* [Source data]:
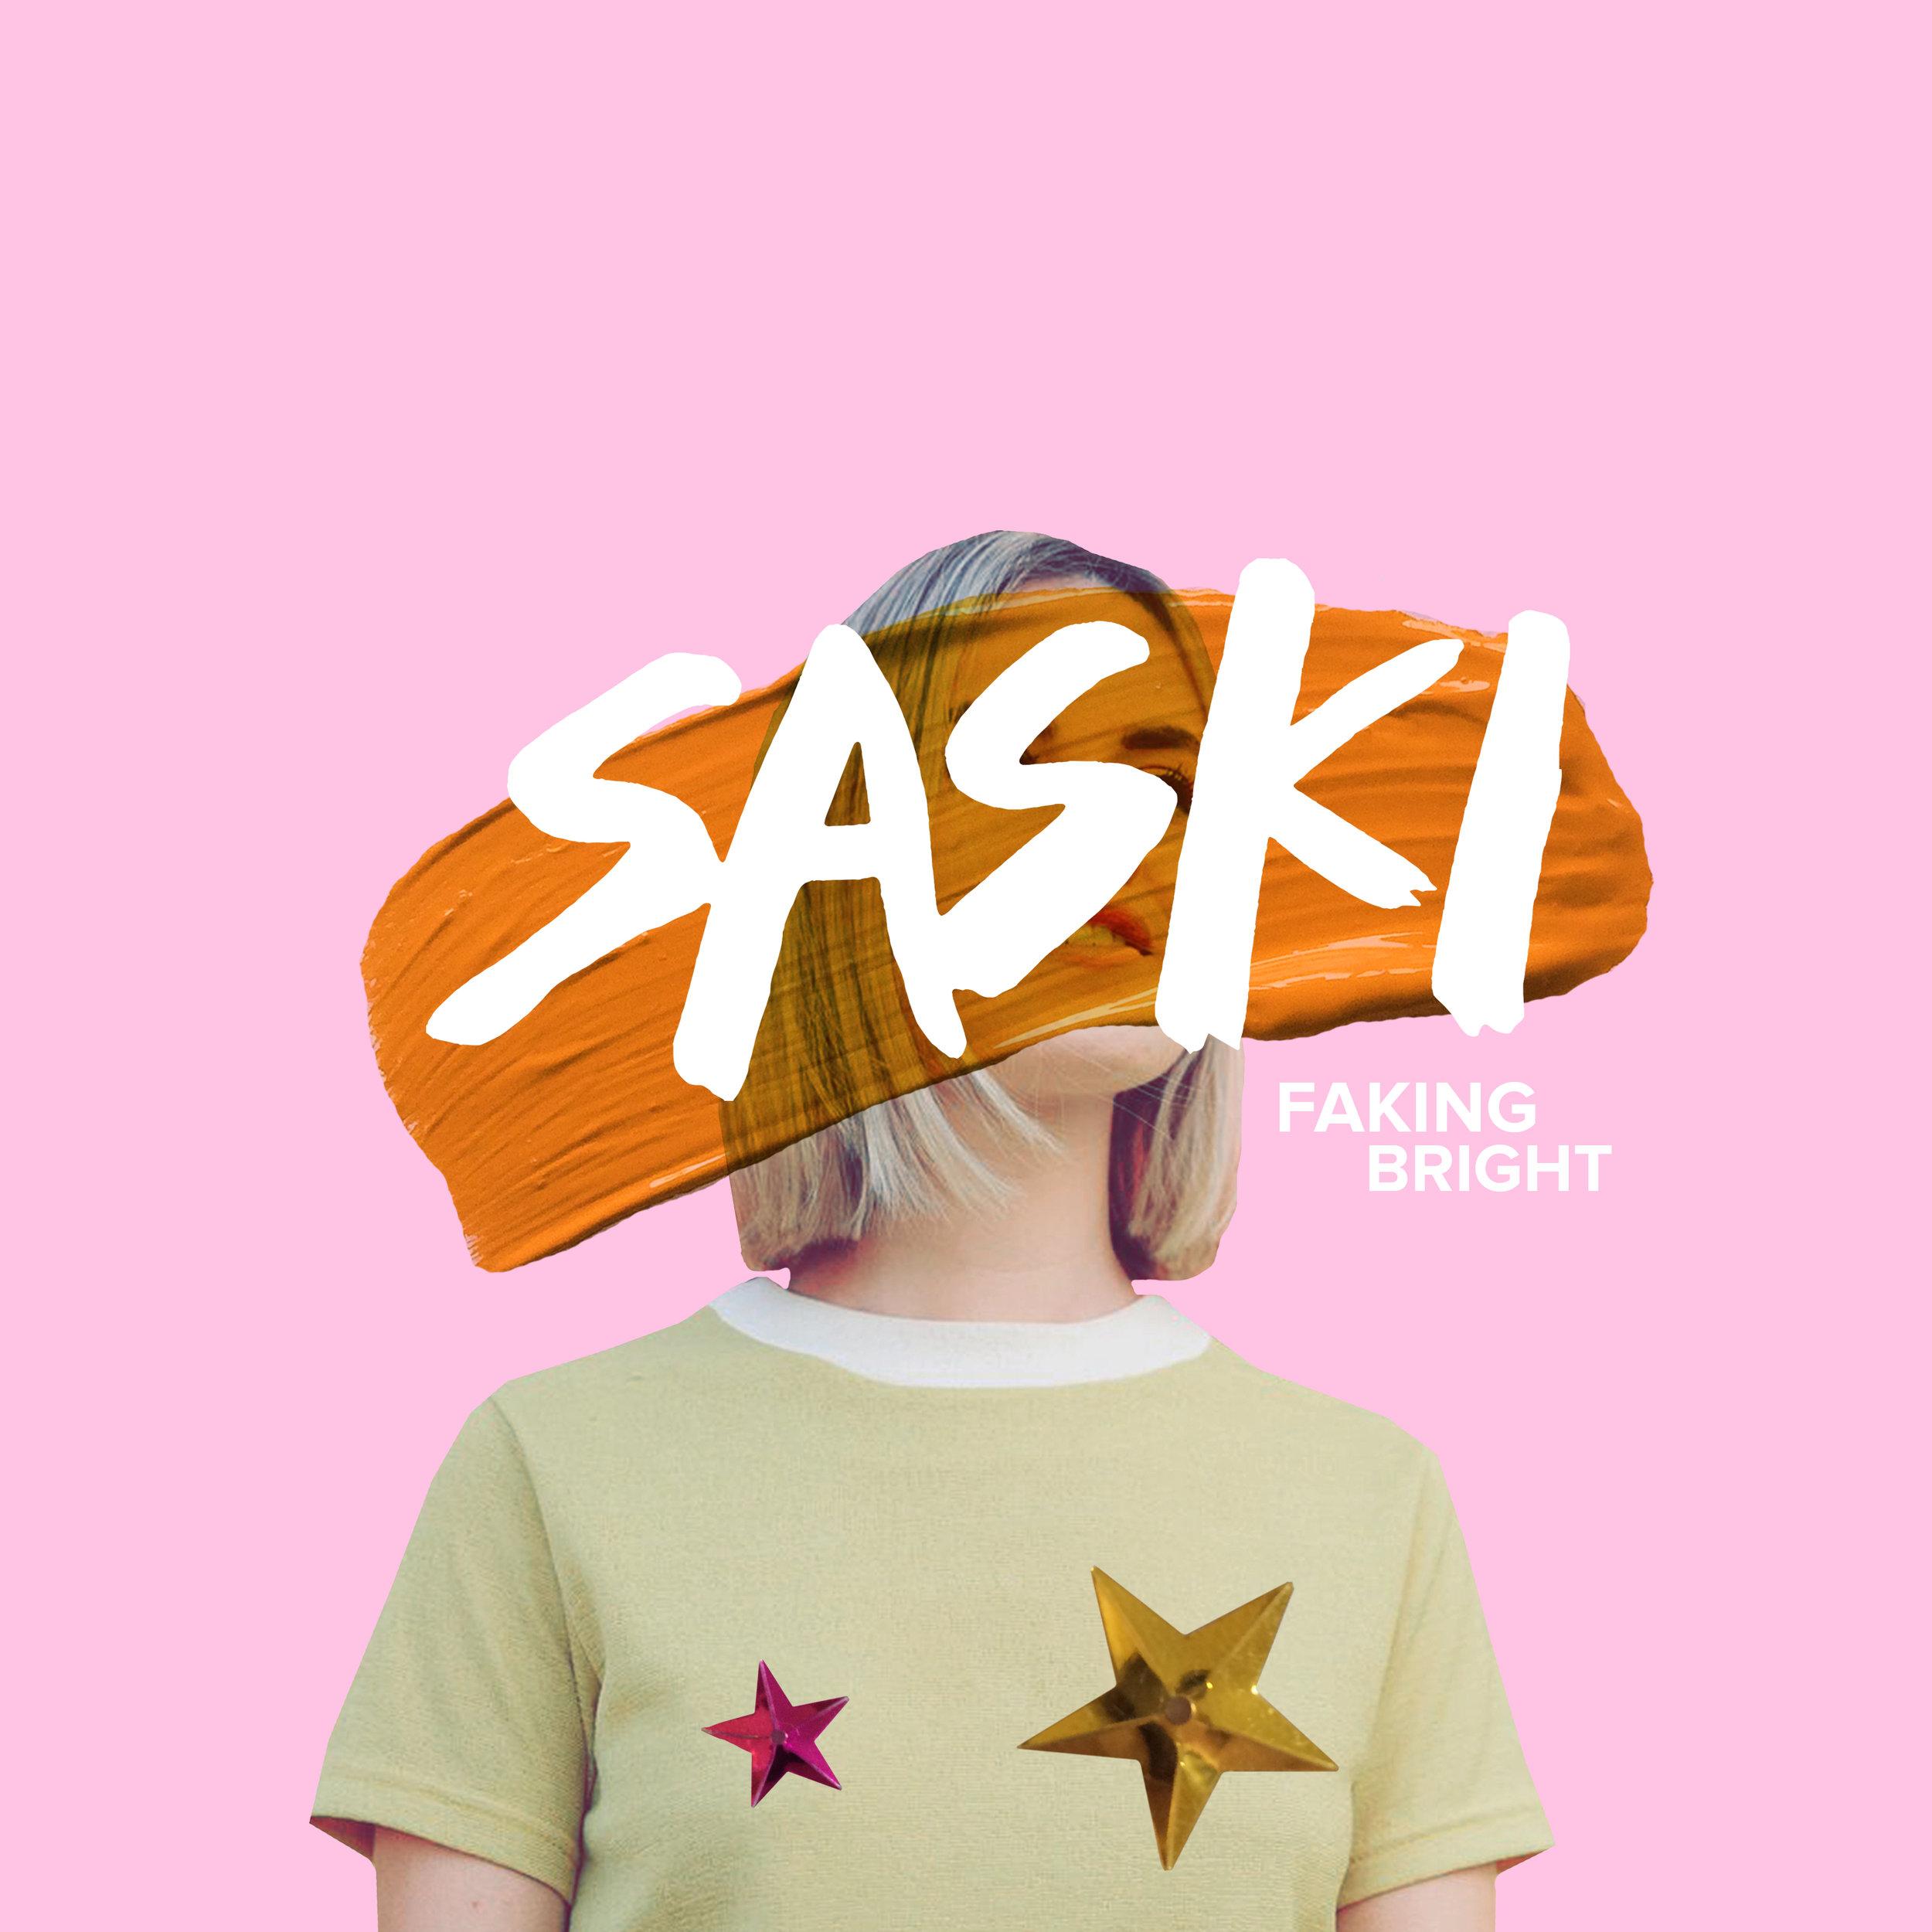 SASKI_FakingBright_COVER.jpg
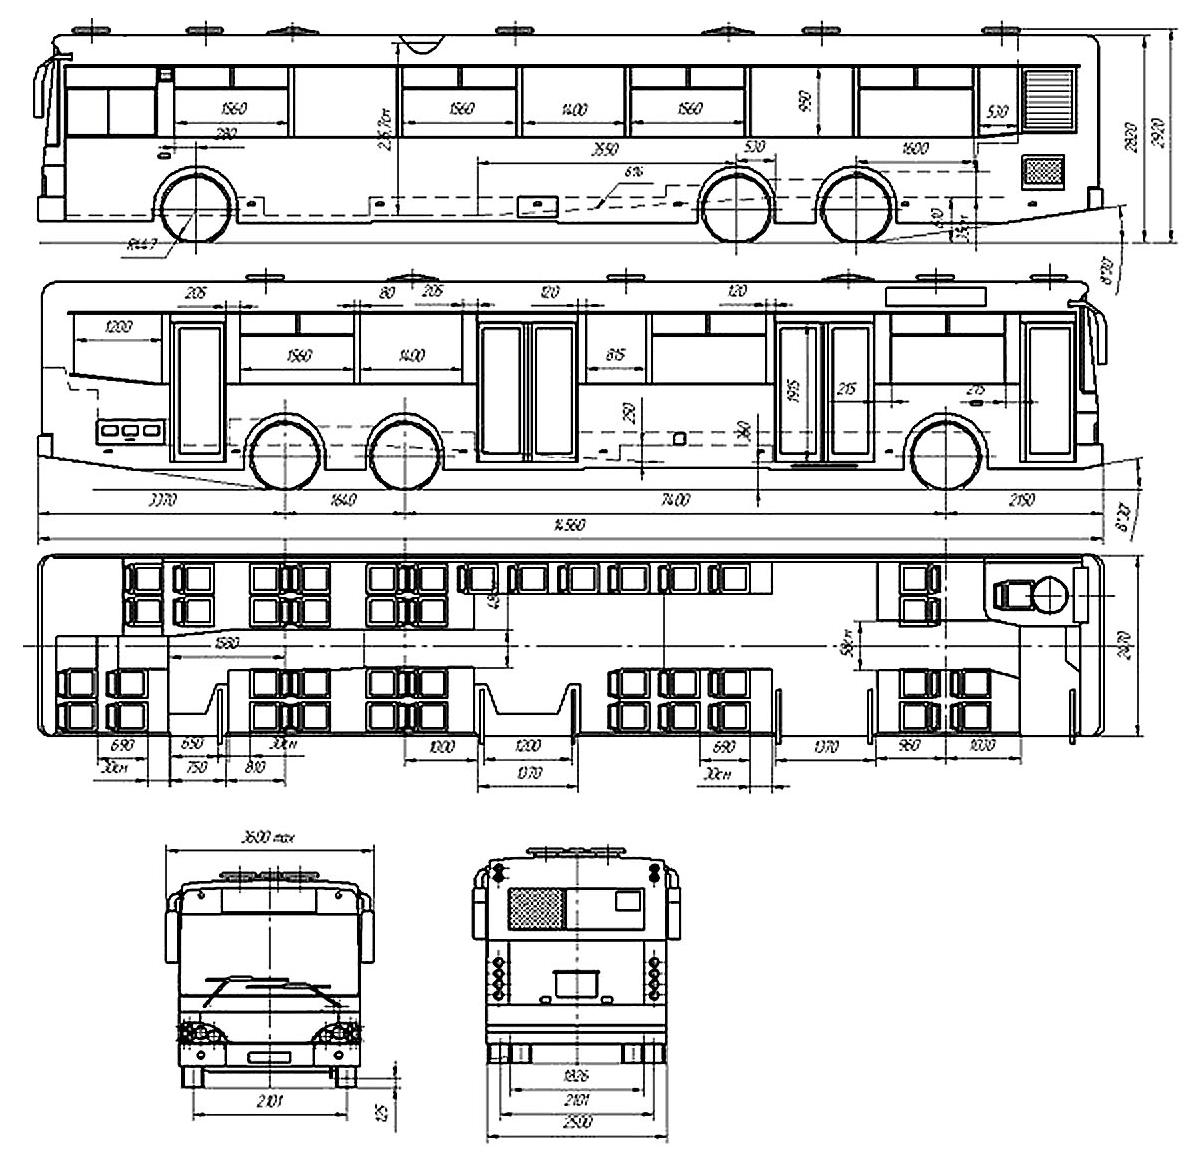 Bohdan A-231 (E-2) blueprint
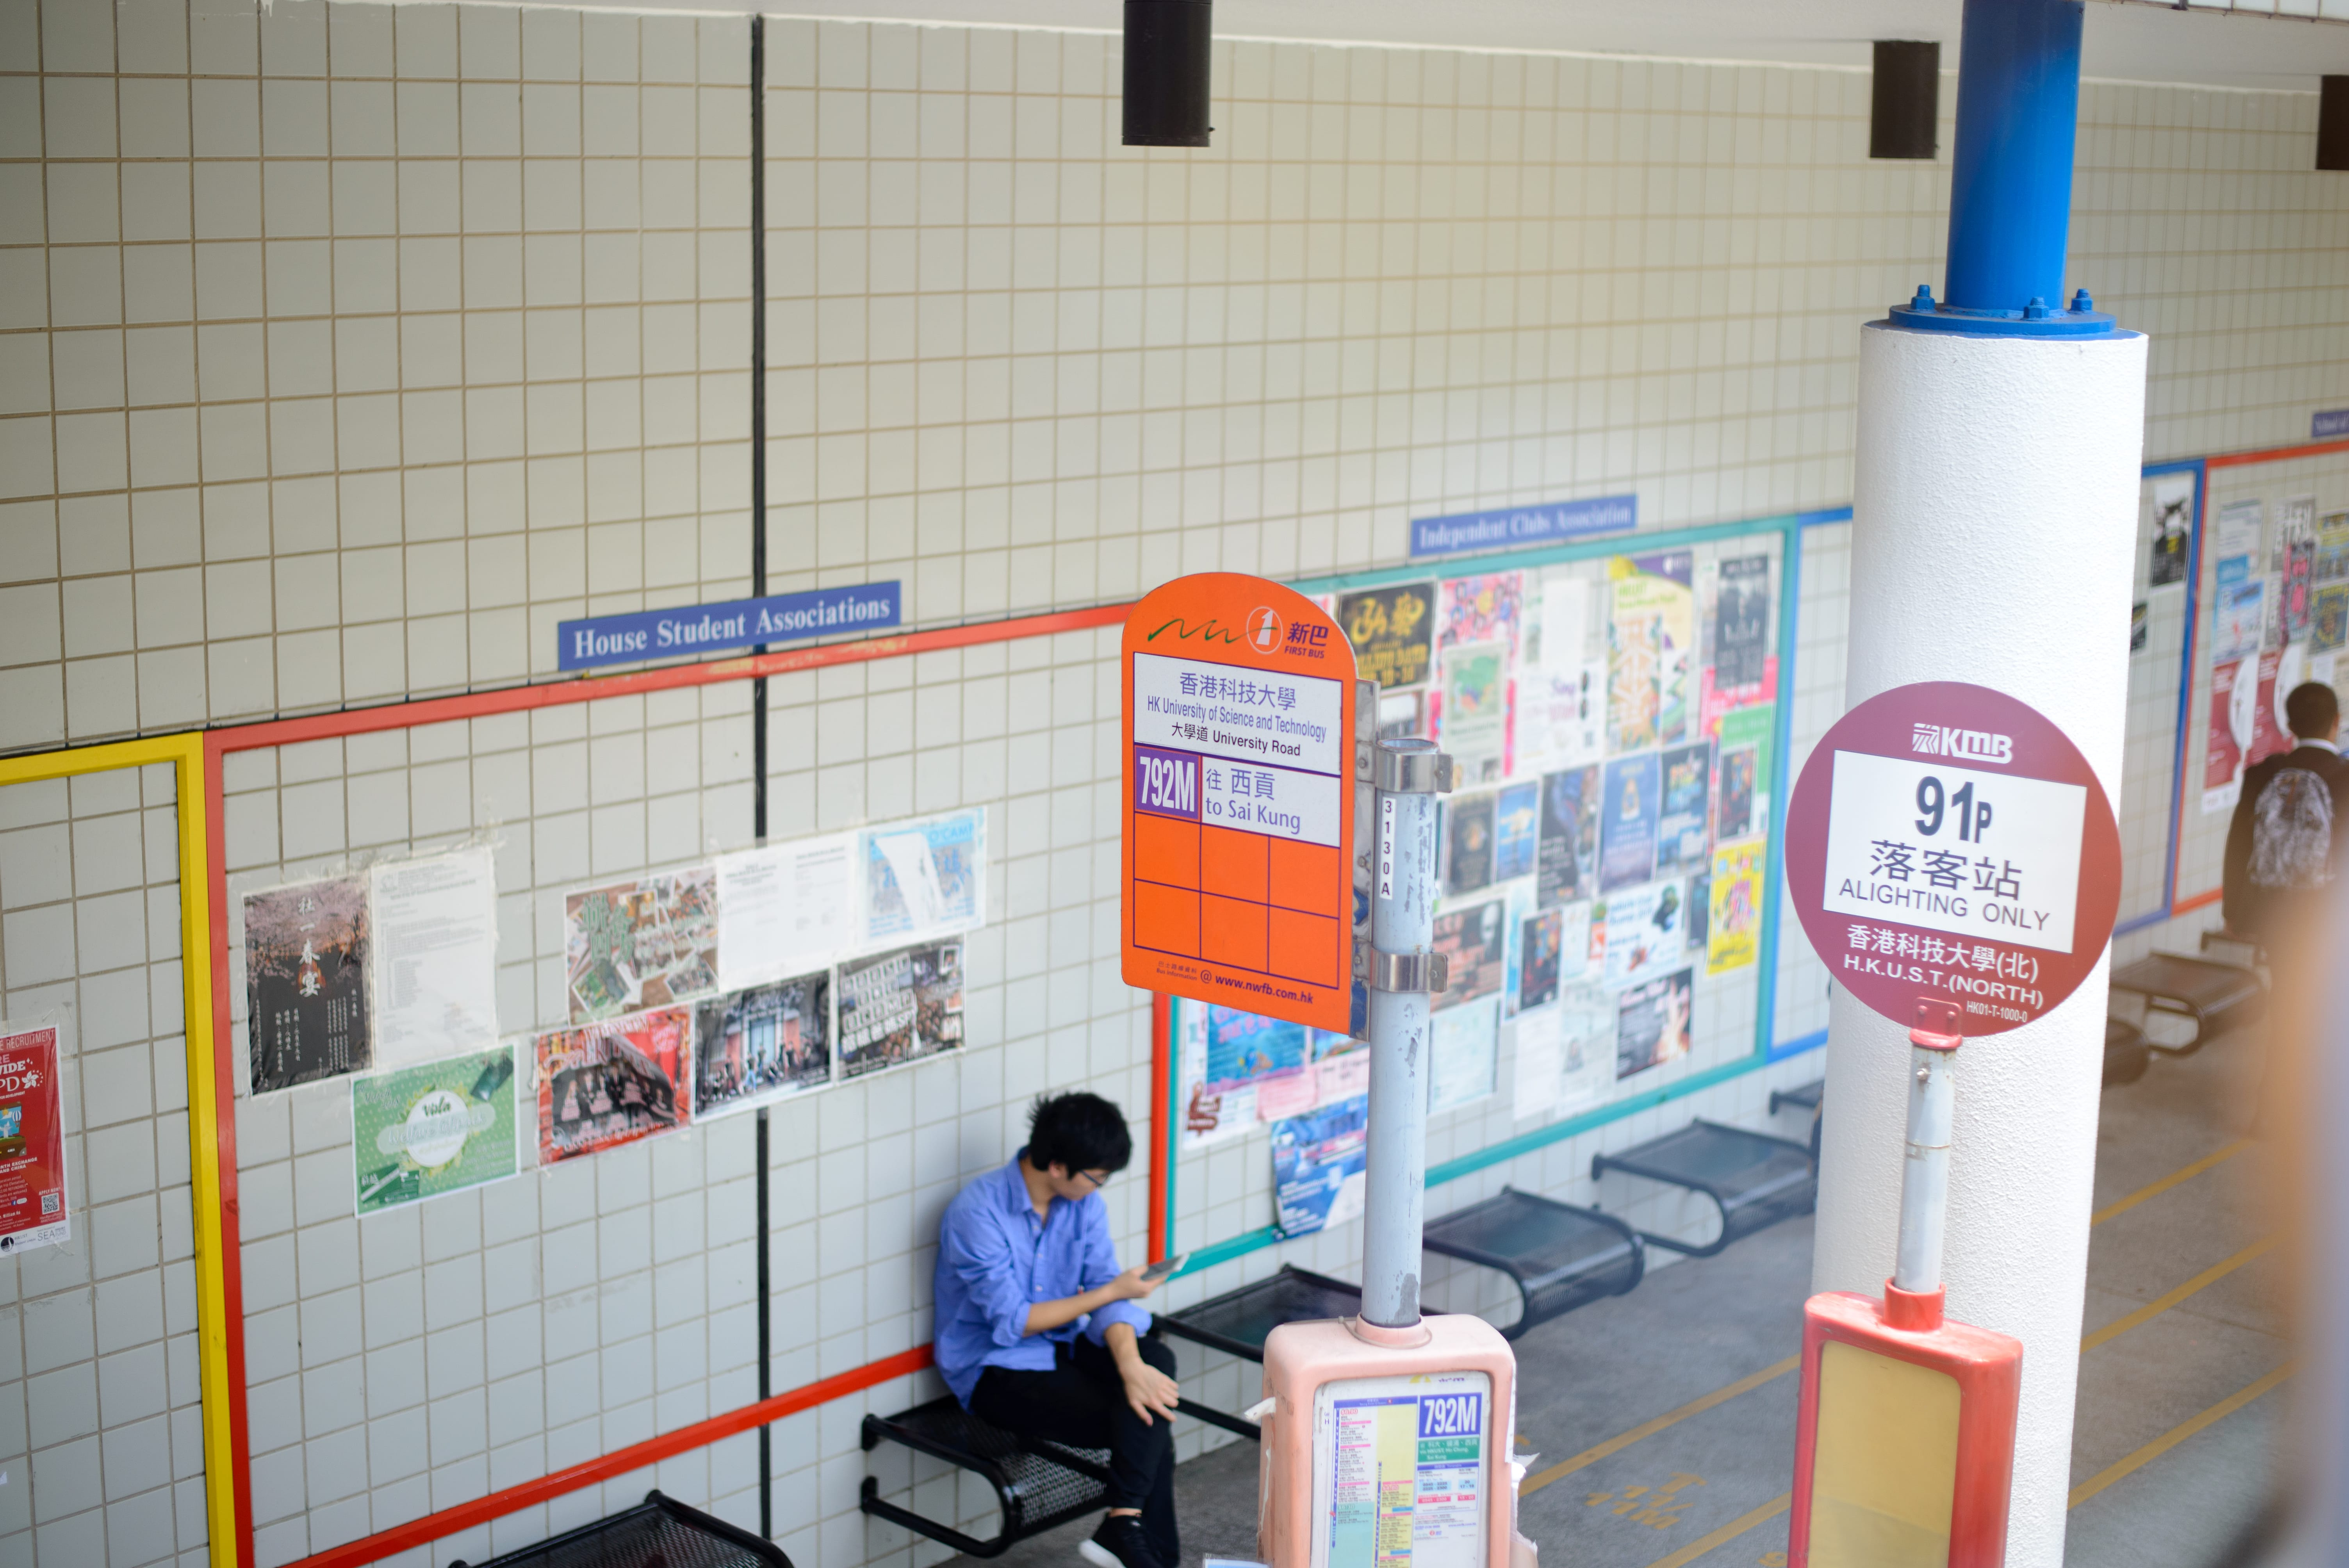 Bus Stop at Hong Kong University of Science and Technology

* [Task statement]:
Would you copy all of the data exactly? Keep the pictures out of it.

* [Solution to the exercise]:
 SASKI_FakingBright_COVER.jpg
 Bohdan A-231 (E-2) blueprint
 Bus Stop at Hong Kong University of Science and Technology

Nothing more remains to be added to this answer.